Proving $\lim_{ x \rightarrow \infty} x/(x!)^{1/x} = e$ without Stirling?

Question

Show that:

$\lim_{ x \rightarrow \infty} x/(x!)^{1/x} = e$

I could prove this by using Stirling’s approximation. But I was wondering if there’s a more elementary way of doing it.

Answer 1

There's Cauchy's limit theorem which states that if $a_{n}$ is a sequence of positive real numbers such that $\lim\frac{a_{n+1}}{a_{n}}=l<\infty$ exists then $\lim_{n\to\infty}(a_{n})^{\frac{1}{{n}}}=l$ . Note that this should remind you of the ratio test and the root test for convergence of series .
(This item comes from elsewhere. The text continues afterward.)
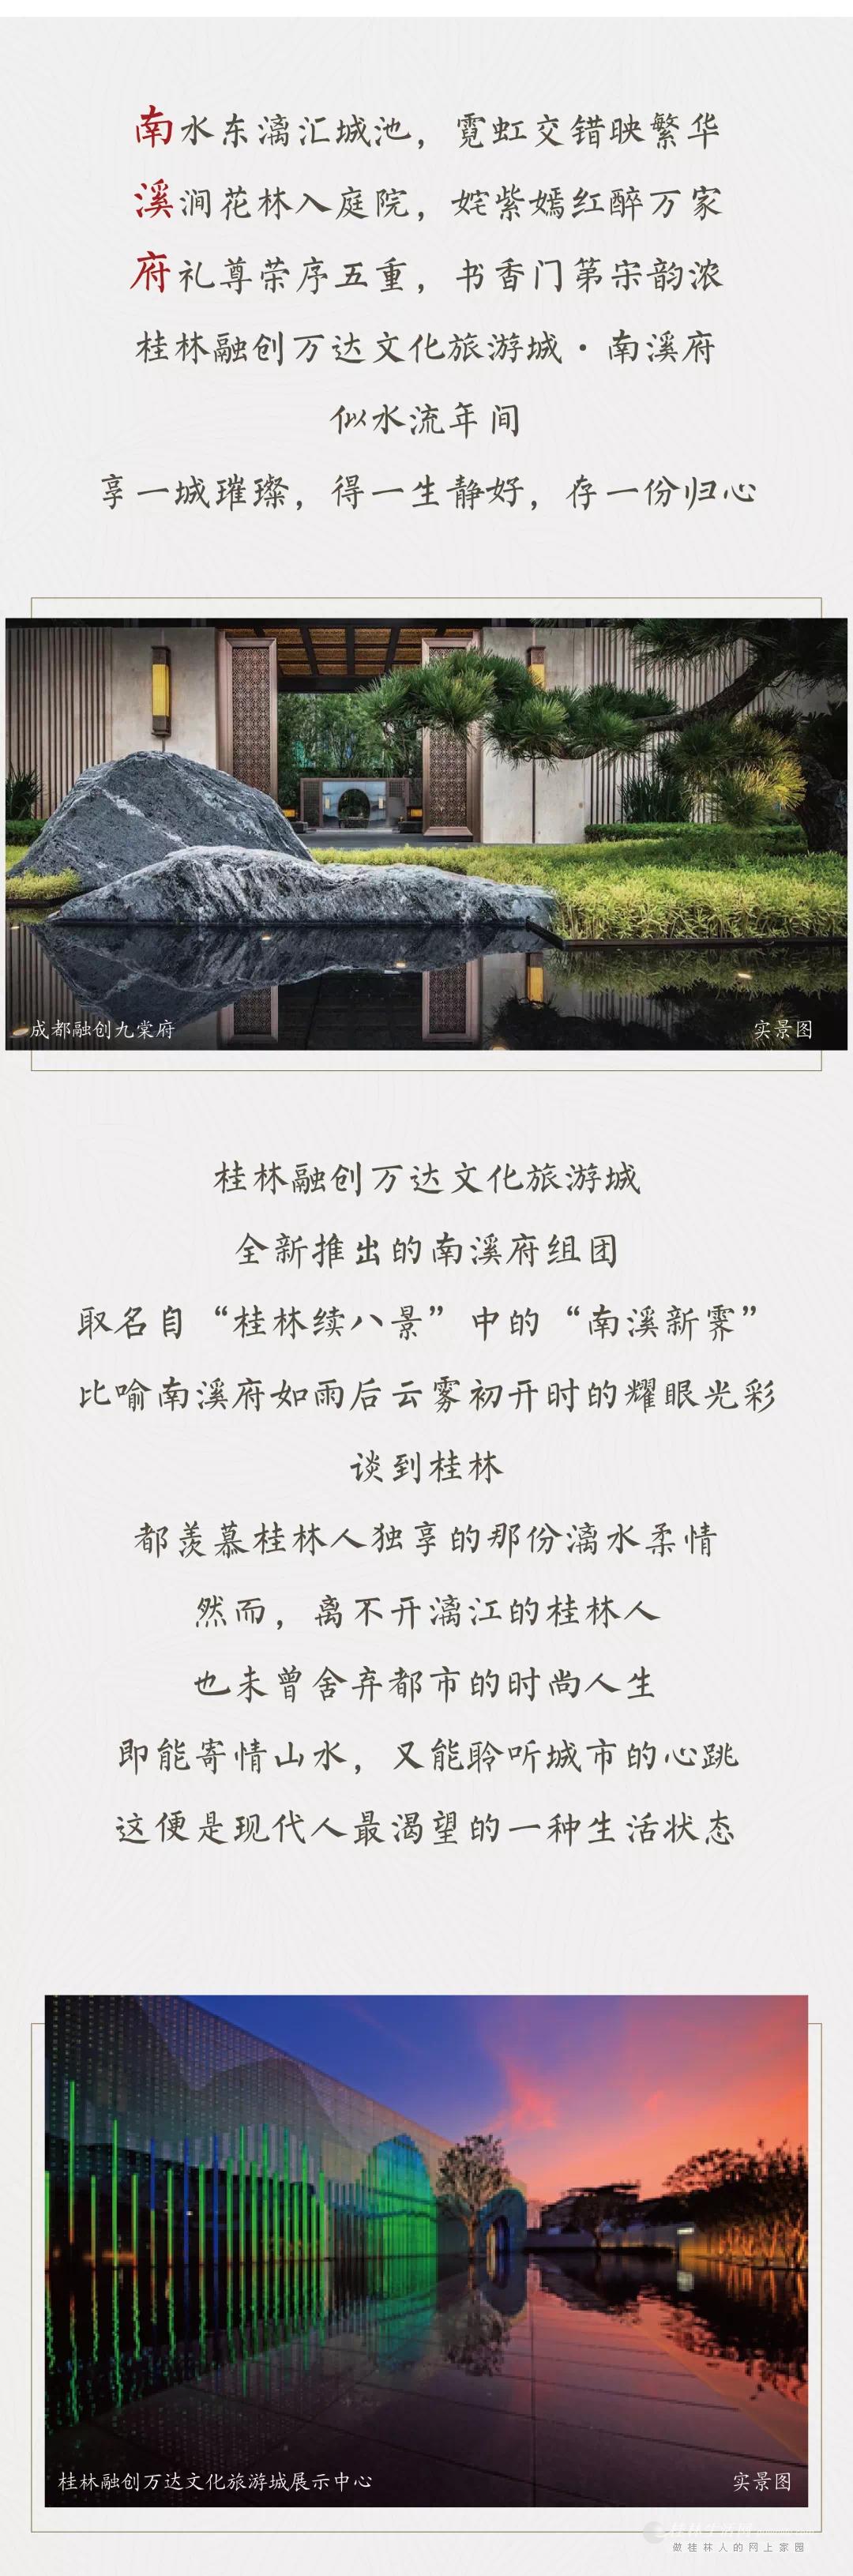 南溪府|全新组团面市,繁华静地首见不凡

Hence consider the sequence $\bigg(\frac{n^{n}}{n!}\bigg)^{\frac{1}{n}}$ and try to apply the above theorem. You should get $e$ as the limit of the ratio of $n+1$ th and the $n$ th term.

Alternatively :-

Consider $a_{n}=\bigg(\prod_{r=1}^{n}\frac{n}{r}\bigg)^{\frac{1}{n}}$ . So taking logs on both sides, you get:-

$$\log(a_{n})=\frac{1}{n}\sum_{r=1}^{n}\log(\frac{n}{r})$$

Using Riemann Sums, you have:-

$\lim_{n\to\infty}\log(a_{n})=\lim_{n\to\infty}\frac{1}{n}\sum_{r=1}^{n}\log(\frac{n}{r})=\int_{0}^{1}-\ln(x)\,dx = 1$

Thus $\lim_{n\to\infty}\log(a_{n})= 1\implies\log(\lim_{n\to\infty}a_{n})=1$ by continuity .
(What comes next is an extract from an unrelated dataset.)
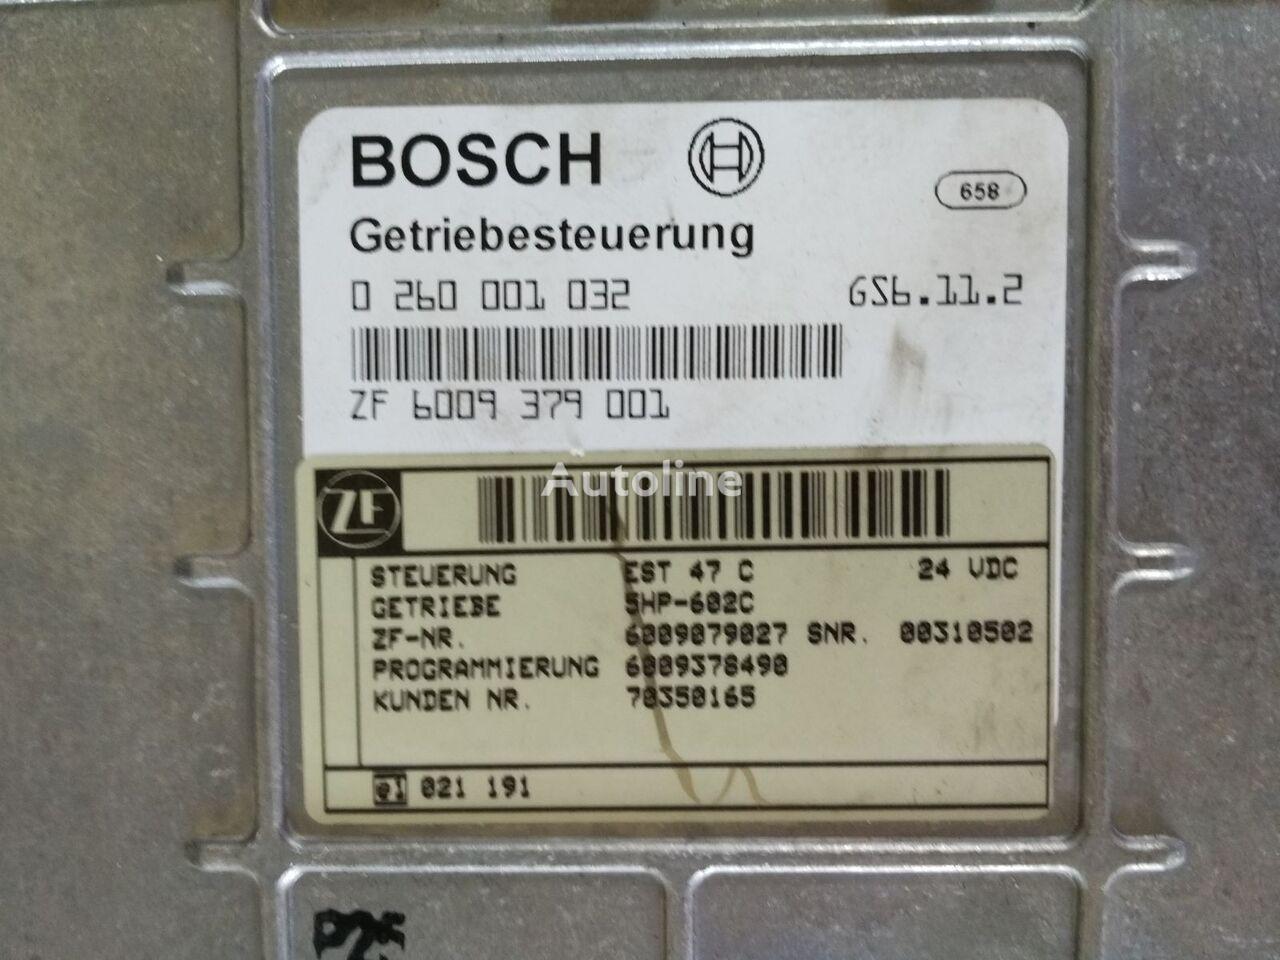 unidad de control BOSCH Korobkoy peredach ZF 5HP602 C para autobús

Hence , $\lim_{n\to\infty}a_{n} = e $ . (Notice that I am apriori assuming the limit of $a_{n}$ exists and just finding the value of it. I have not shown or proven existence anywhere). So technically, to justify everything, one should first prove that $a_{n}$ is indeed a Cauchy Sequence.

Answer 2

Another solution is based on the MacLaurin expansion $$e^x=\sum_{k=0}^\infty {x^k\over k!}$$ We have $$e^n=\sum_{k=0}^\infty {n^k\over k!}\ge {n^n\over n!}$$ The sequence $a_k= {k^n\over k!}$ is increasing for $0\le k\le n,$ decreasing for $k\ge n$ and $${a_{k+1}\over a_k}={n\over k+1}\le {n\over n+1},\quad k\ge n$$ Therefore $$e^n\le (n+1){n^n\over n!}+\sum_{k=n}^\infty \left ({n\over n+1}\right )^{k-n}\, {n^n\over n!}\\ = (n+1){n^n\over n!}+ (n+1){n^n\over n!}=2(n+1){n^n\over n!}$$ Therefore $${e^n\over 2(n+1)}\le {n^n\over n!}\le e^n$$ The conclusion follows by the squeezing principle.